Danforth is an applied mathematician interested in modeling a variety of physical, biological, and social phenomenon. He has applied principles of chaos theory to improve weather forecasts as a member of the Mathematics and Climate Research Network, and developed a real-time remote sensor of global happiness using messages from Twitter: the Hedonometer. Danforth co-runs the Computational Story Lab with Peter Dodds, and helps run UVM's reading group on complexity.
Laurent studies the interaction of structure and dynamics. His research involves network theory, statistical physics and nonlinear dynamics along with their applications in epidemiology, ecology, biology, and sociology. Recent projects include comparing complex networks of different nature, the coevolution of human behavior and infectious diseases, understanding the role of forest shape in determining stability of tropical forests, as well as the impact of echo chambers in political discussions.

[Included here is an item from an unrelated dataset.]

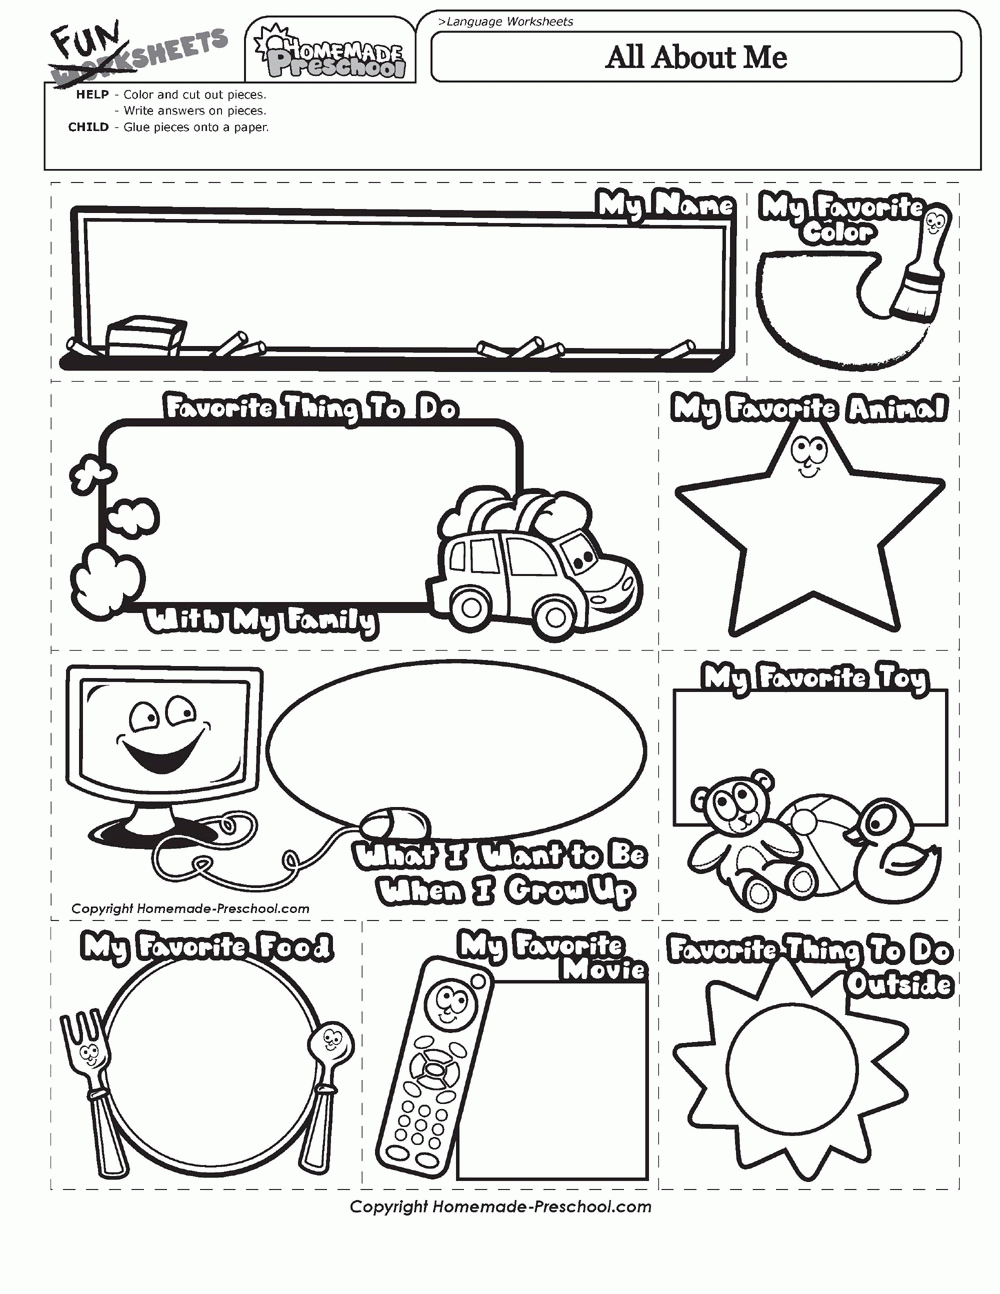 All About Me Coloring Page For Pages All About Me Worksheet All

Hines' work broadly focuses on finding ways to make electric energy more reliable, more affordable, with less environmental impact. Particular topics of interest include understanding the mechanisms by which small problems in the power grid become large blackouts, identifying and mitigating the stresses caused by large amounts of electric vehicle charging, and quantifying the impact of high penetrations of wind/solar on electricity systems.
Bagrow's interests include: Complex Networks (community detection, social modeling and human dynamics, statistical phenomena, graph similarity and isomorphism), Statistical Physics (non-equilibrium methods, phase transitions, percolation, interacting particle systems, spin glasses), and Optimization(glassy techniques such as simulated/quantum annealing, (non-gradient) minimization of noisy objective functions).